Records to use:
--- START ---
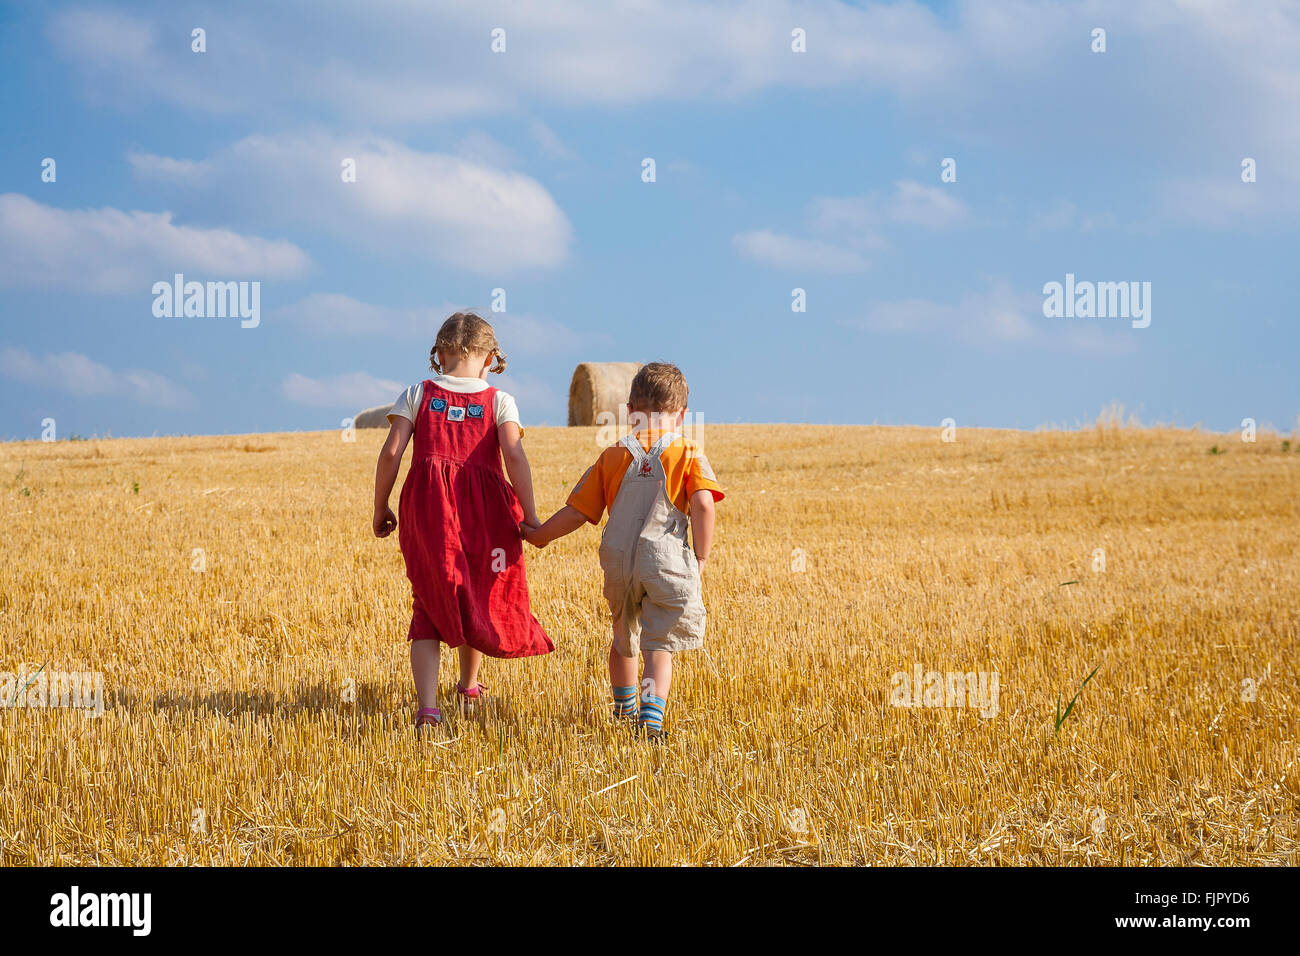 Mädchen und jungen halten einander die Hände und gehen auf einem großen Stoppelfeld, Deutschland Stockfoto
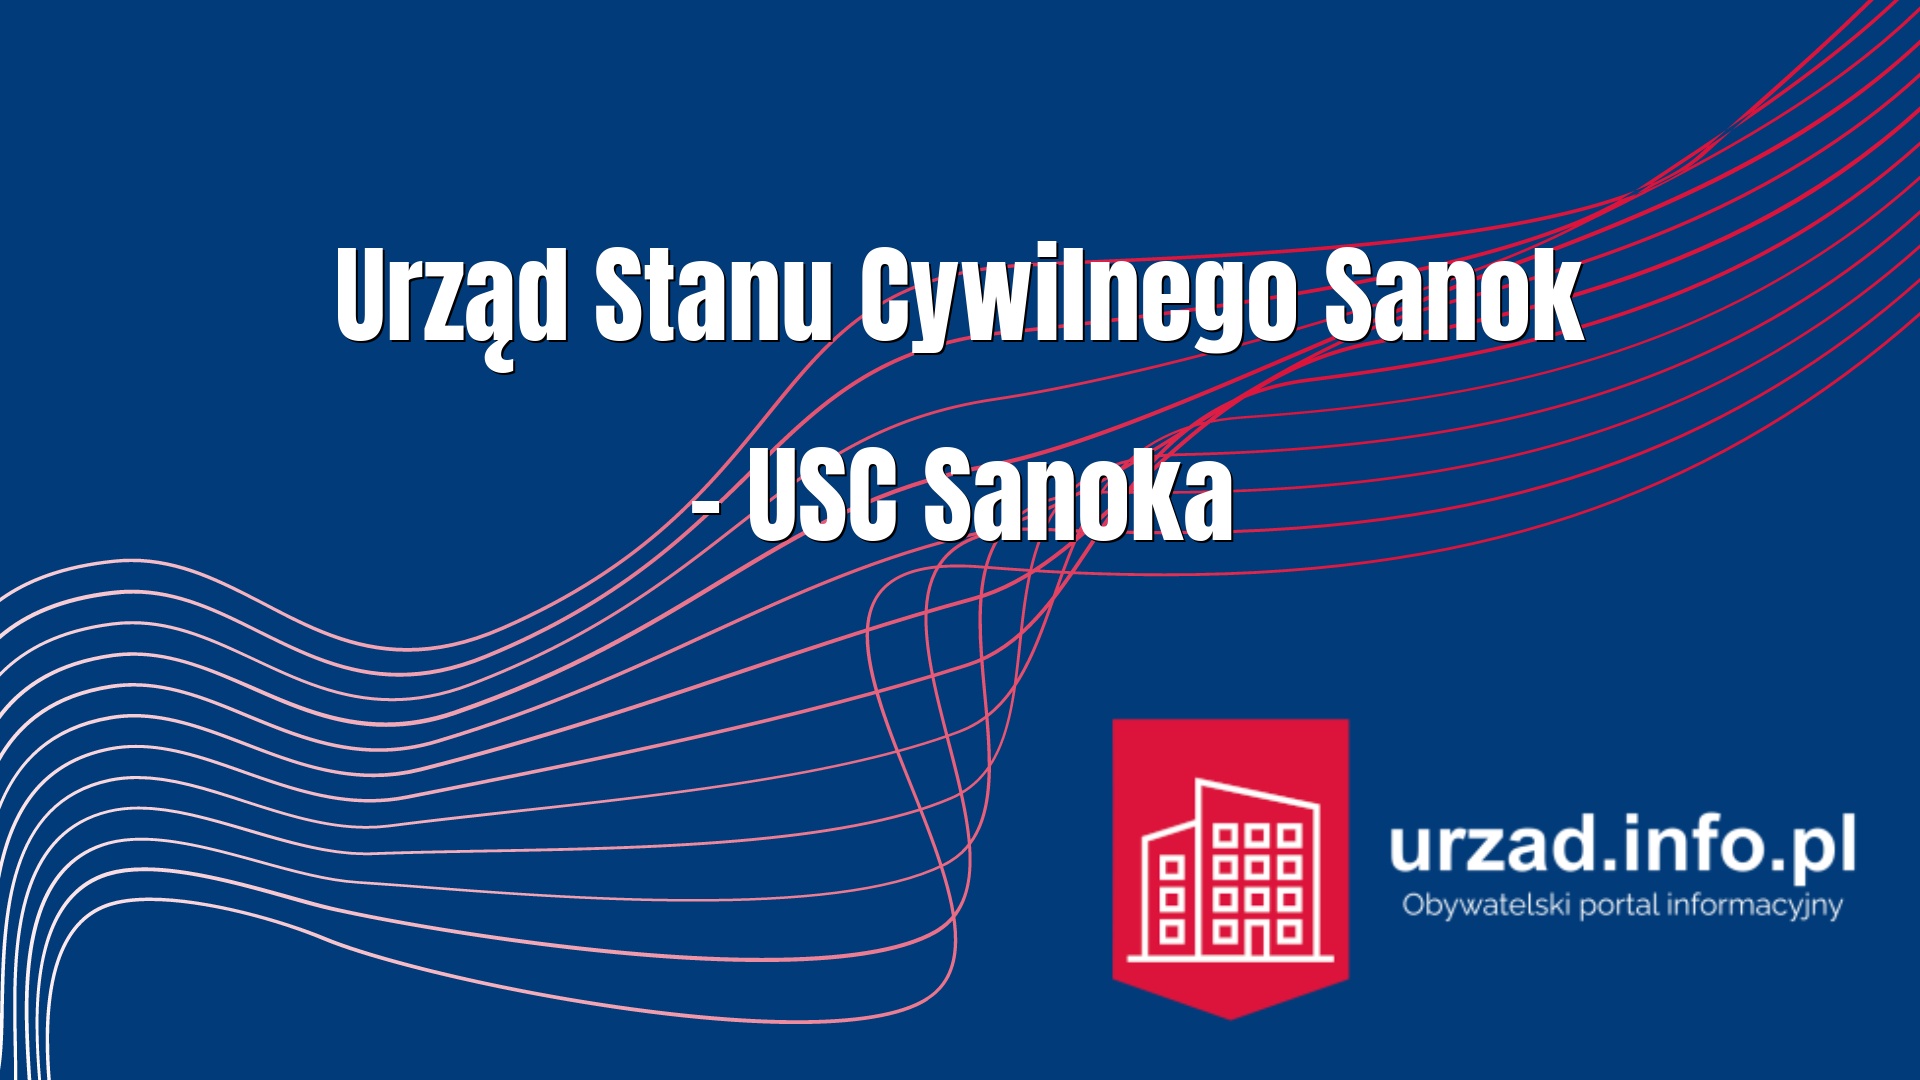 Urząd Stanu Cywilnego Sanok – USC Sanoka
--- END ---
--- START ---
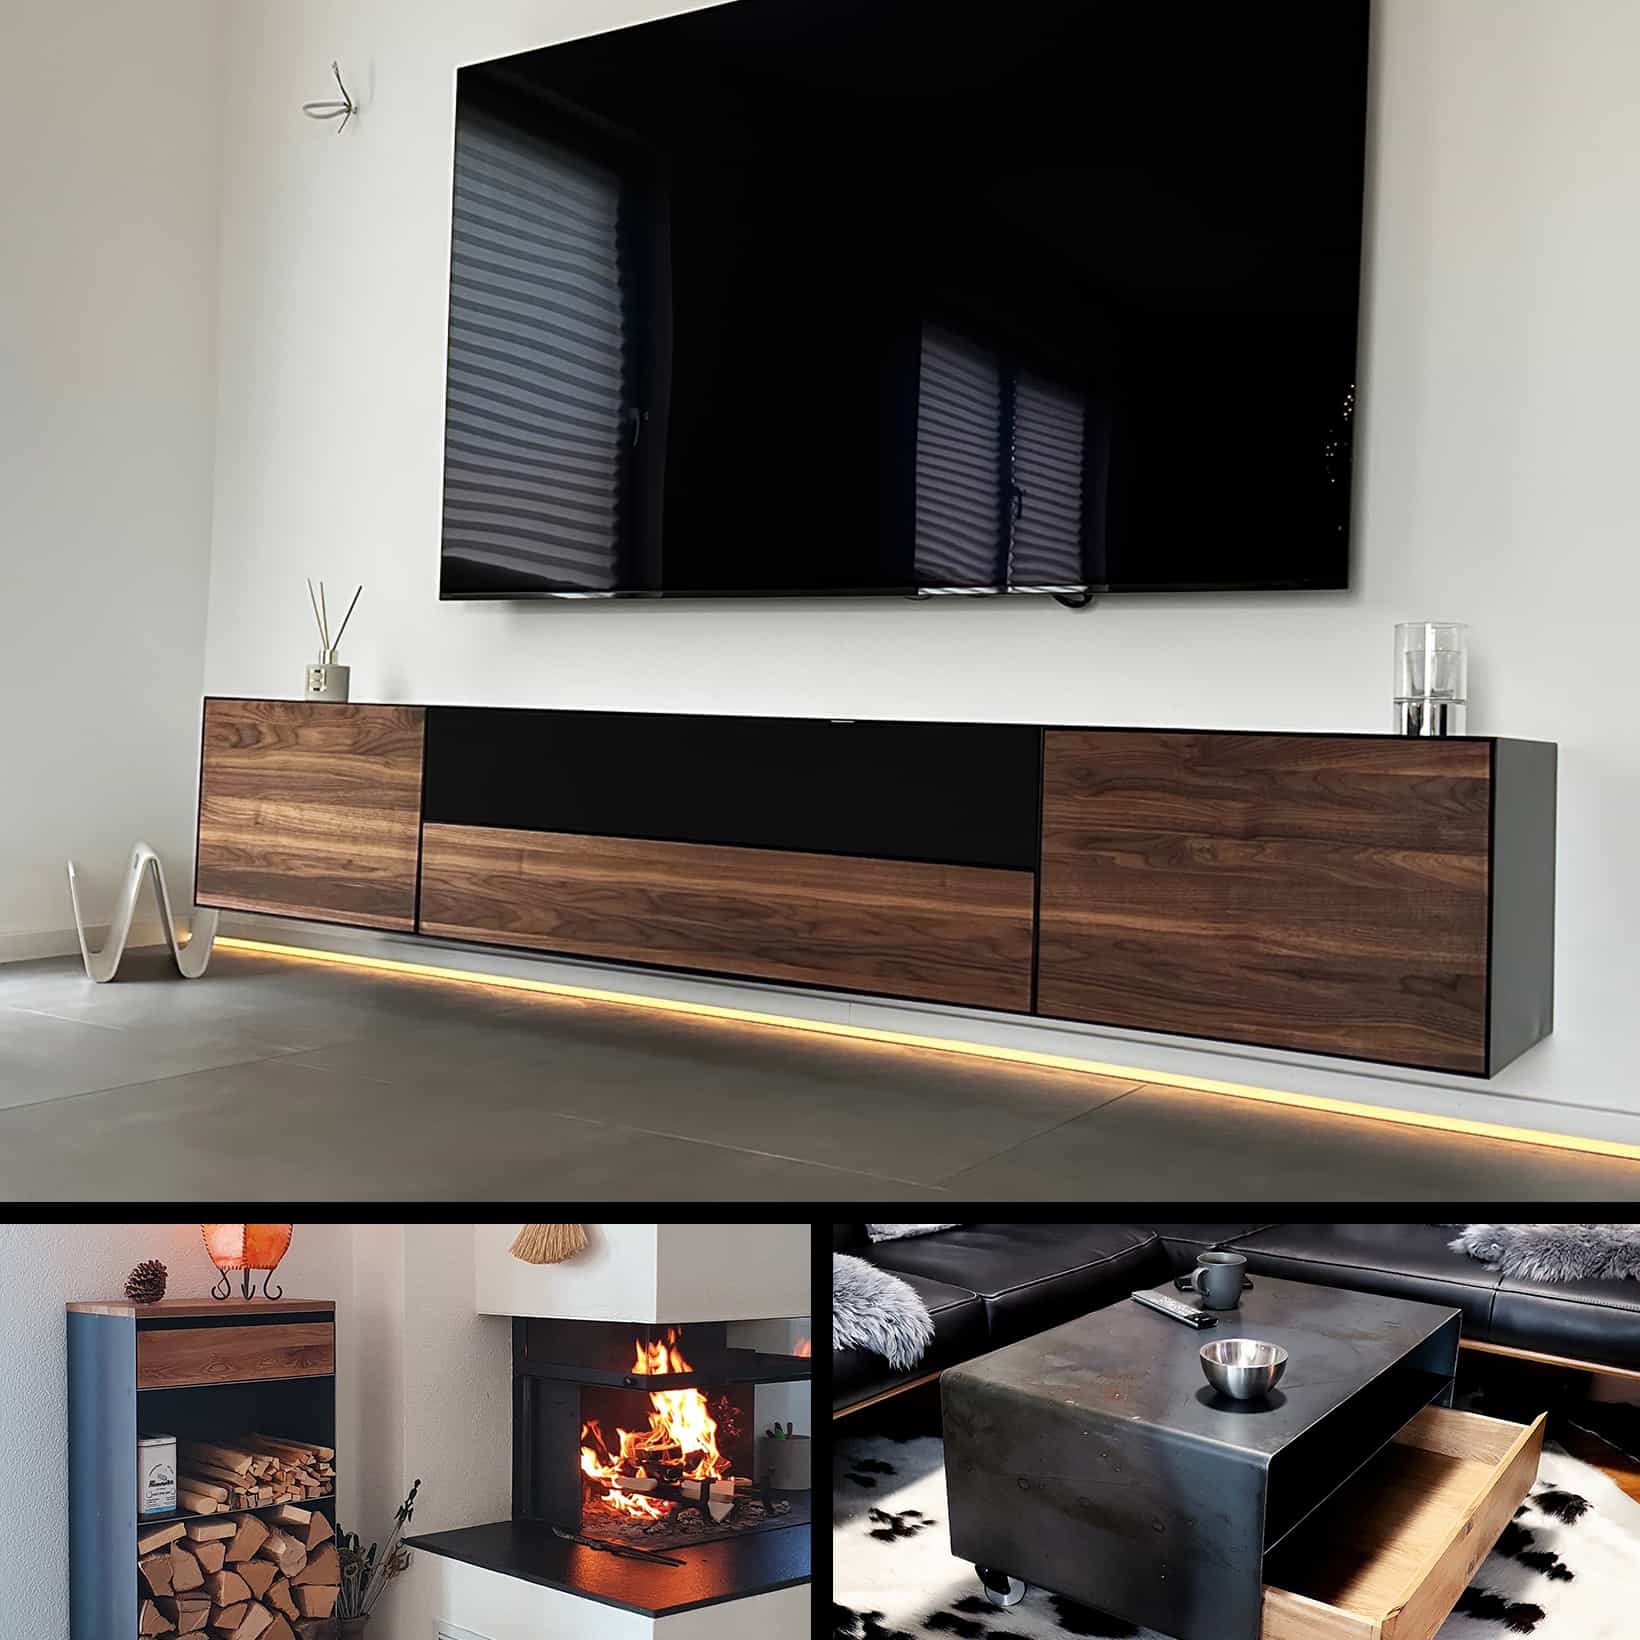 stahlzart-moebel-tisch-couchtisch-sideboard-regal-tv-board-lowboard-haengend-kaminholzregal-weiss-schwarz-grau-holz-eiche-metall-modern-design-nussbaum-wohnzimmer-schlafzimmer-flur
--- END ---
Activity: Leave out the images and write out the lines above exactly, from the one with "Mädchen und jungen" up to and including the one with "Urząd Stanu Cywilnego Sanok – USC Sanoka".

Task answer:
 Mädchen und jungen halten einander die Hände und gehen auf einem großen Stoppelfeld, Deutschland Stockfoto
 Urząd Stanu Cywilnego Sanok – USC Sanoka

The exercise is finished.